Il senso del gioco esiste, però non è nella tecnica, perché quando lavoro con la musica lavoro abbastanza con precisione. Non mi prefiggo niente, eh!, parto improvvisando, mani sulla tastiera che magari formano due accordi che mi scaldano, però sono abbastanza preciso, mi scrivo tutto. Anche quando vado in sala di registrazione, per esempio, ai miei accompagnatori do tutti i passi, tutti gli accordi, quindi non è tanto gioco in quel senso, però son d'accordo sull'idea del gioco nel senso di grande divertimento.

Un divertimento che vale anche per la scrittura dei testi, immagino…

Certo, scrivi anche di cose che possono essere malinconiche o tristi, ma nel momento in cui le scrivi sei felice.

"Guidavo nella notte ferma immobile, friabile. Venivo da una valle dove annuvola nell'umido. Sentivo sulle spalle un bel solletico. Tu cosa vuoi da me?" canta in Elegia. Un continuo gioco di allitterazione, proprio di un testo poetico: si è mai pensato poeta.

Alla mia età possiamo metterlo, sì, un po' lo sono, mi ci sento, però ho sempre avuto bisogno dell'alibi: faccio musica e poi invento le parole. Poi magari sono anche un poeta, però non avrei mai scritto una poesia da sola, senza musica.

Guccini si lamenta che di un canzoniere vasto spesso ci si ricorda solo delle solite canzoni. Le è mai capitato di sentire lo stesso disagio, che magari qualche pezzo poteva avere un'attenzione maggiore?

In quanto autore, sei affezionato a tutte, sai che in ciascuna ci hai messo qualcosa che ti interessava, qualcosa che ti commuoveva. Poi naturalmente ci sono canzoni che con un po' di esperienza le puoi pesare, alcune hanno un peso specifico superiore: lo capisci quasi subito che una canzone può avere più strada di altre. Detto questo, però, certe canzoni io ogni tanto le ripescherei, perché ci sono affezionato, come "Elegia", di cui parlavamo prima, che sto anche rivoltando anche un pochino.

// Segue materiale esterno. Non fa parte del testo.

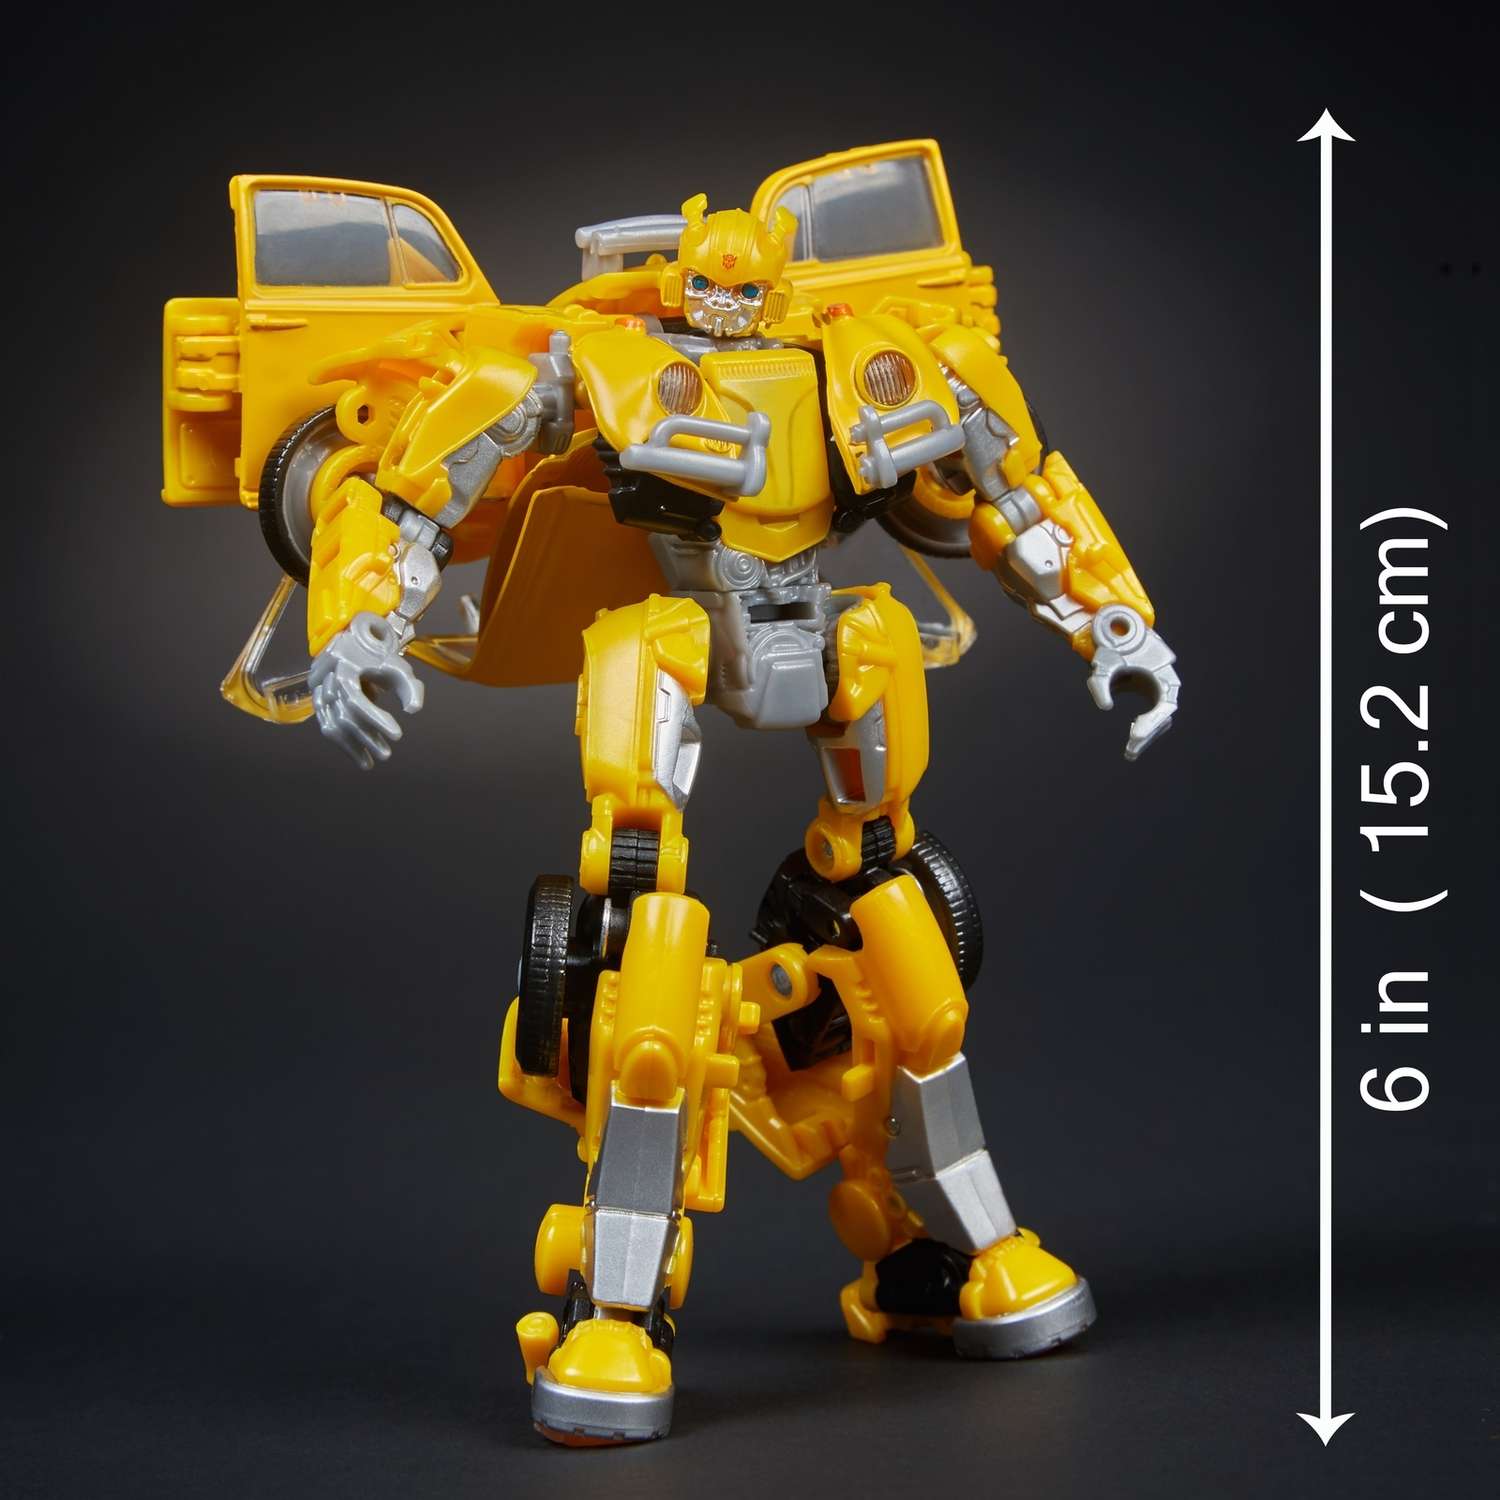 Игрушка Transformers Дженерейшнз Бамблби E0975EU4 - фото 5

Nei giorni scorsi ero con Levante e si chiedeva della sua passione per il blu e le sue sfumature. La faccio mia, in fondo è un po' qualcosa che ricorre, in effetti, nei suoi testi…

Non so, forse è un fatto di colore nazionale, quel nazionalismo che mi viene fuori, non so, io però non lo vedo propriamente come vero azzurro, ma più come turchino…

Le sue origini sono a Sanremo, ma versante Premio Tenco. Come mai non è mai salito su palco dell'Ariston per il Festival?

Beh, capisco benissimo che le mie canzoni non sarebbero adatte a un palcoscenico come quello, diciamo che do la colpa a me stesso. E poi, ecco, non mi piace la gara.